News & Analysis
IEEE creates Web portal on smart grids
Rick Merritt
1/19/2010 12:01 AM EST
The smart grid is "so interdisciplinary," said Wanda Reder, chair of the IEEE Smart Grid Task Force and former president of the IEEE Power & Energy Society. "We have the gamut covered in technical interests, but we needed a way to facilitate communications between our many entities to link information on all the conferences, papers and standards we have in this area," she added.
The Web site lists many of the estimated 100 existing IEEE standards related to smart grids. It also includes pointers to the IEEE 2030 group started last year that aims to release a draft guide to smart grid design in early 2011.
The 2030 group will conduct its next meeting January 26-29 in Detroit, working with the SAE J2293 Task Force working on issues around electric vehicles.
In December, the IEEE launched the P1815 work group to set a formal standard based on the Distributed Network Protocol widely used to link supervisory control and data acquisition (SCADA) systems used in electric and water networks. The group aims to draft and ratify the P1815 spec by December 2010.

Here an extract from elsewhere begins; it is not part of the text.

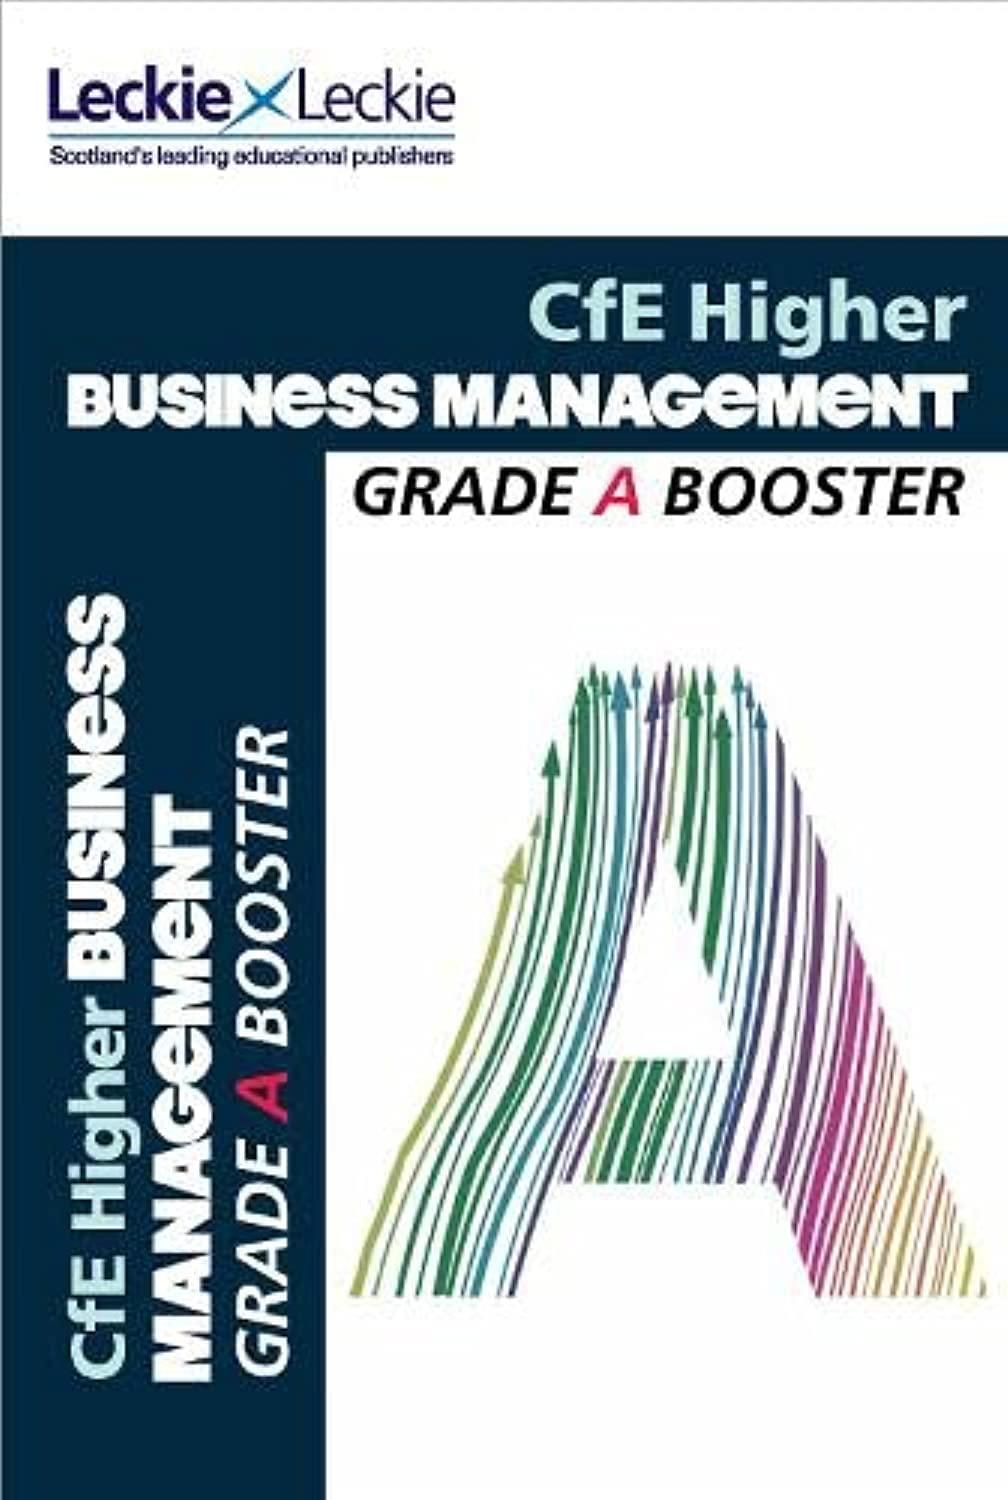 cfe higher business management grade a booster 1st edition anne ross, leckie 0007590873, 978-0007590872

In terms of conferences, the IEEE plans to sponsor nearly a dozen events related to smart grid in 2010. They include a conference this week (Jan. 19-21) in the Washington D.C. area co-sponsored by the National Institute of Standards and Technology. At that event NIST is expected to release the first draft of its framework for smart grid standards and name additional members to its national smart grid interoperability panel.

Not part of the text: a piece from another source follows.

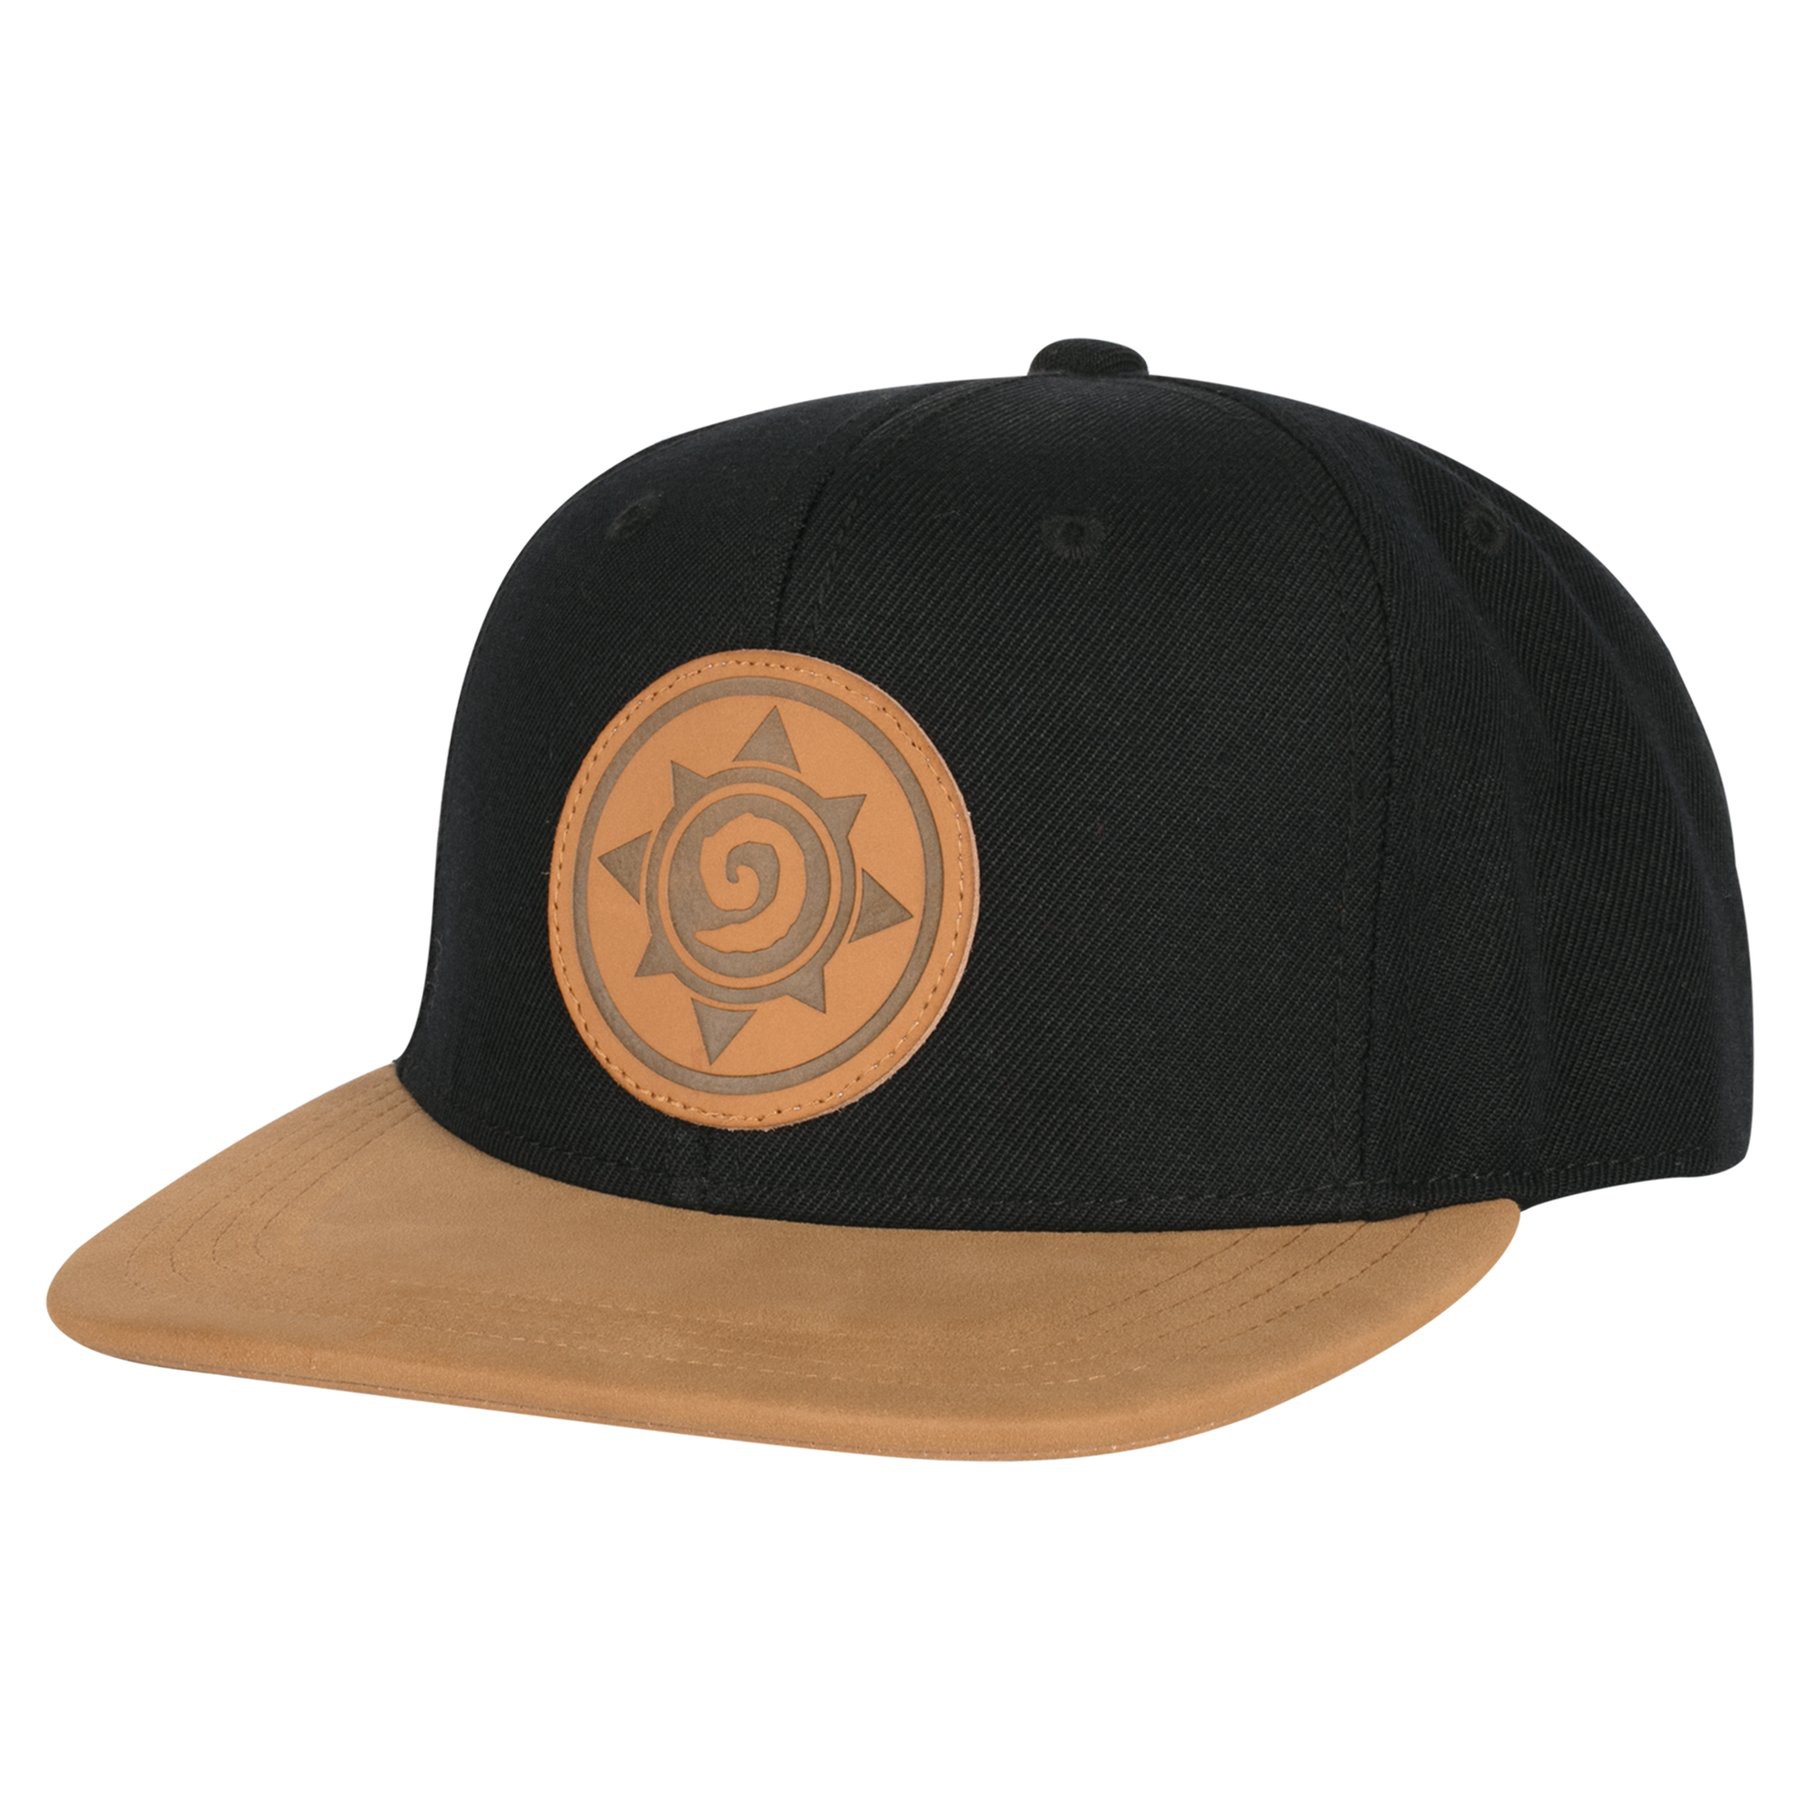 HEARTHSTONE TWO TONE ROSE SNAP BACK HAT

The IEEE also plans to launch by mid-year two peer-reviewed technical journals related to the field, one focused on smart grid and the other on renewable energy. The new publications will come out once a quarter and add to what the IEEE estimates is as many as 2,500 existing technical papers on smart grid now in its database.

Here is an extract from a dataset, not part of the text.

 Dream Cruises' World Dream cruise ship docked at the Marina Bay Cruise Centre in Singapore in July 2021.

"One of our long range plans is to divide and map our content so people can get at it by domain areas to further facilitate communications," said Reder.
The IEEE is also working with Virginia Polytechnic Institute and State University to create a clearinghouse for smart grid information. Virginia Tech won a Department of Energy grant to set up the clearinghouse and had its first meeting to plan out the project on December 7.
In addition, the IEEE has created an online site for anyone who wants to get involved in its smart grid initiative.